Woodcut from 15th-century pamphlet
In my part-time job, I am a teaching assistant for a course taught at Harvard Extension School, The Vampire in Literature and Film, taught by Associate Dean Sue Weaver Schopf. It’s my first time serving as a teaching assistant, and I’ve loved the role. We recently read Elizabeth Kostova’s The Historian, where we discover that the vampire Prince Vlad Dracula endures, and all he wants is a brilliant scholar to serve as his librarian, and catalog his vast collection. The irony was delightful. That Dracula treasured history and had the rarest of books in his collection, and he sought a companion who shared his passion, was a great twist.

Vlad: A Warrior and Scholar?
So how much is too much? I admit to a serious book and information addiction myself. I’ve bought more than I can read, and my own collection continues to grow as I research ideas for novels I plan on writing and buy novels I hope to find time to read one day. My electronic collection takes up who-knows-how-many gigabytes, and I just bought a new computer with a terabyte of space to store even more. It may be overload, but I don’t consider it to be. I may need that information someday, I say as I right-click on a PDF to save it to my hard drive. I love knowing that across campus, Harvard’s library system offers millions of volumes in any topic imaginable. From the daunting stacks at Widener to the rare manuscripts at Houghton Library, it’s all there, cataloged and accessible. Their system became so unwieldy in the past that it has undergone an audit and restructuring, as announced in the Harvard Gazette.
It’s a democracy of information, the more the better. As much as I fret about the tide of ignorance and lies that has come into social discourse and so-called news, there is an equal tide to counter it. The tides have ebbed and flowed throughout the centuries. The Dark Ages and the Enlightenment do signify fixed points in history, but not in concept. There have been plenty of each all throughout history. We can’t even begin to imagine what knowledge has been lost, what stories are gone forever, as Mongol hordes destroyed ancient Baghdad’s House of Wisdom, as the Conquistadors destroyed countless Mayan and Aztec codices in Central America , and the Romans burned the Library of Alexandria in Egypt. Ancient manuscripts have been used to wrap fish in the Middle Ages, and territorial battles in Europe resulted in monasteries being burned, their scrolls lost forever. We may never have seen Beowulf if it hadn’t been salvaged from a fire.

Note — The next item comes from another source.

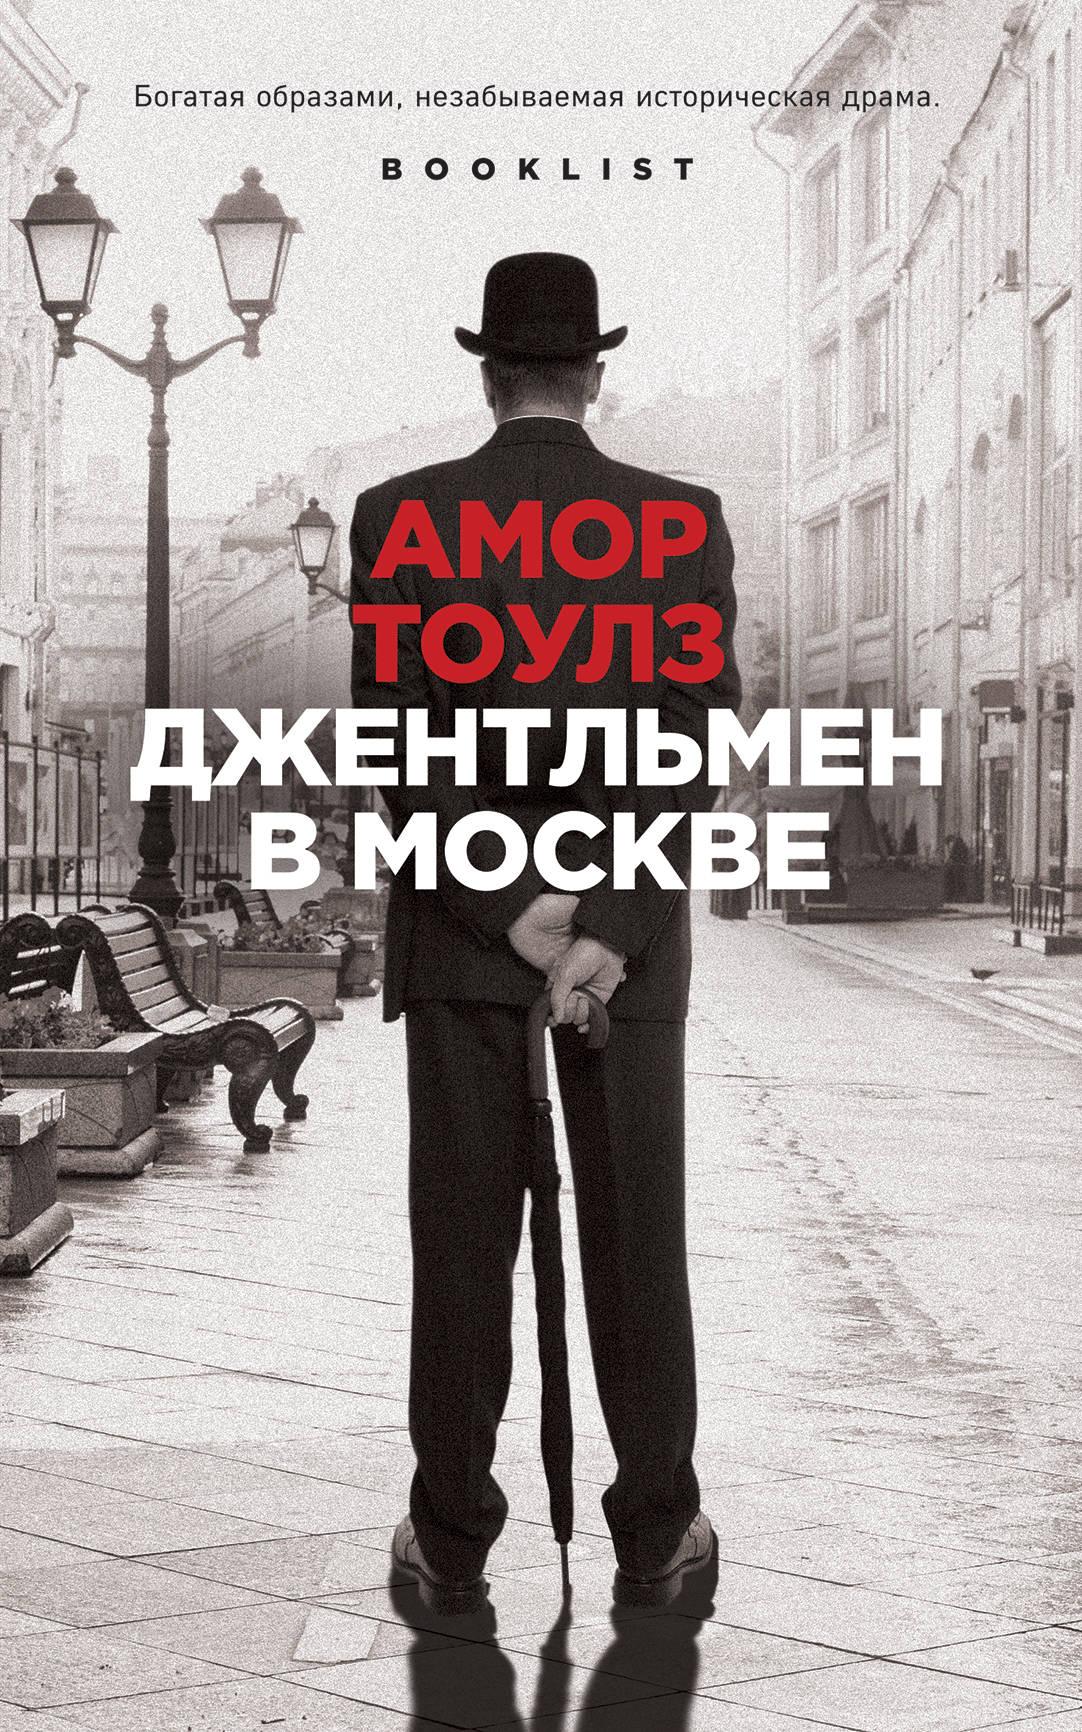 Амор Тоулз Джентльмен в Москве

Of course, now, there are new issues, as had been voiced in the Radcliffe conference I attended this fall. Electronic archives need to be maintained in formats that can be read in the future. Much of my own writing has been rendered useless by floppy disks and a now-defunct ZIP drive. But I treasure my collection, and those I have access to, and those I may never see in my lifetime. Just as long as I don’t wind up like Henry Bemis in the classic episode “Time Enough at Last”of the Twilight Zone, where all his beloved books are before him after a nuclear holocaust, and he breaks his glasses, never to read another word again. (Full episode available on tv.com.) Maybe I should have a duplicate set of glasses made, just in case.